At the time of independence, nearly one third of the land was covered with forests which has now come down to below one fifth. Deforestation, extinction of animal and plant species, change in water cycle and emission of green house gases in large quantities (leading to global warming) are some other negative effects of increased population. The excessive extraction of fossil fuel (oil, gas and coal), minerals and trees impact the earth negatively.

Population control bill 2019, which envisaged promoting small family norms of up to two children per eligible couple was introduced by Rakesh Sinha in Rajya Sabha. During the debate he said, “the assumption that a larger population means a demographic dividend is misleading” as it puts pressure on resources. He withdrew the bill after the intervention of the Health Minister Mansukh Mandviya, who informed the house that the govt has successfully used awareness and health campaign to reduce population growth rather than using force.
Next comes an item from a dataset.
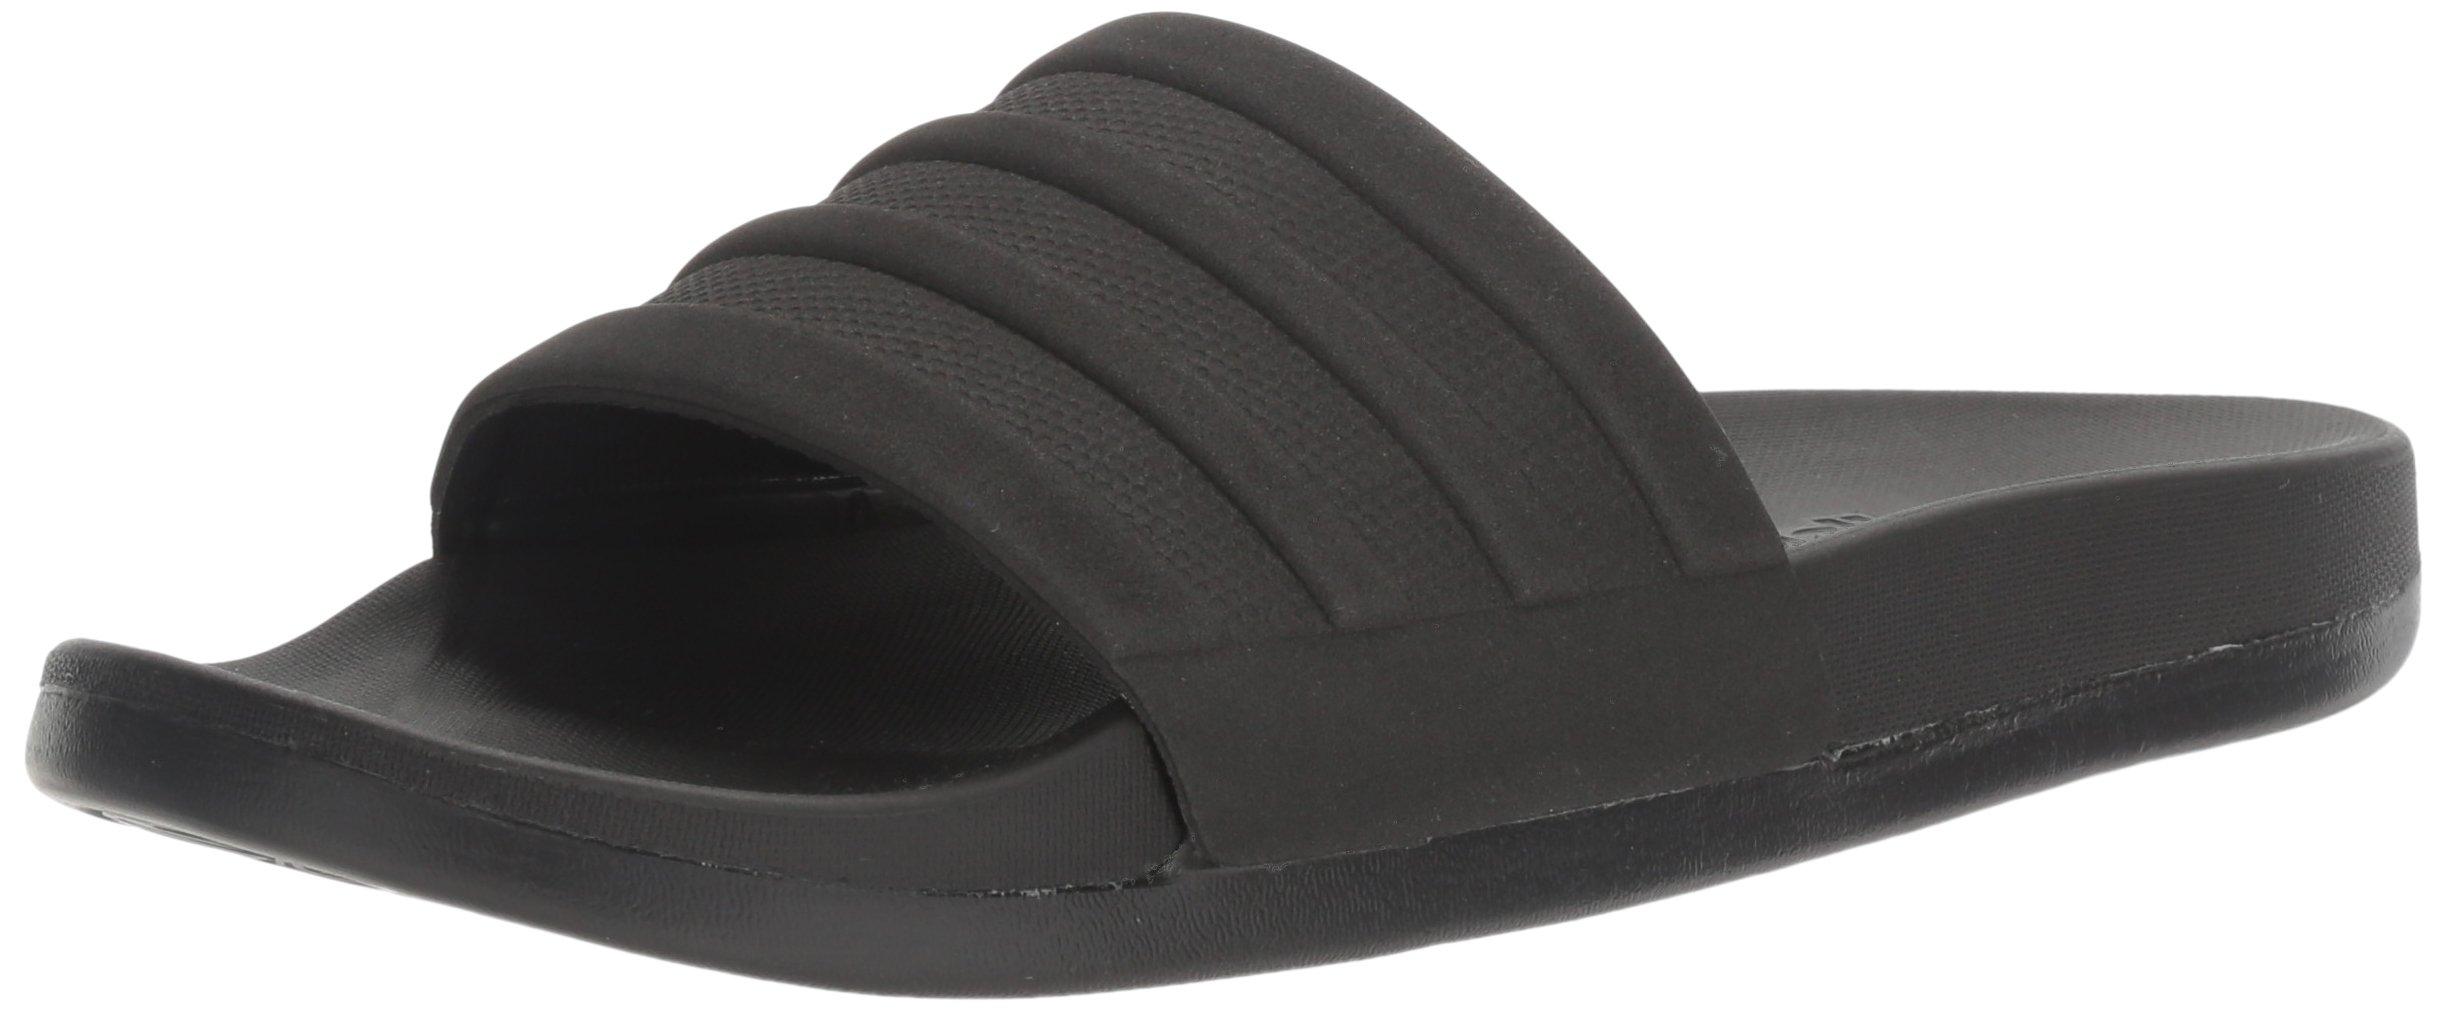 adidas Synthetic Adilette Comfort Slide Sandals in Black/Black (Black) for  Men - Save 60% | Lyst

The average annual growth of population is declining, but it is not sufficient.

PM Modi in his Independence Day speech stressed on the need to control population and cautioned that if left unaddressed this will bring new problems for generations to come.

Achieving sustainable population level helps people to live with dignity and the standard we all deserve.

Over population is the mother of all the problems in India and if not controlled, a large number people will continue to live in poverty as the resources are limited. It is therefore, suggested that in addition to spreading awareness, we must enact law in the parliament to control the population of the country before it becomes too late.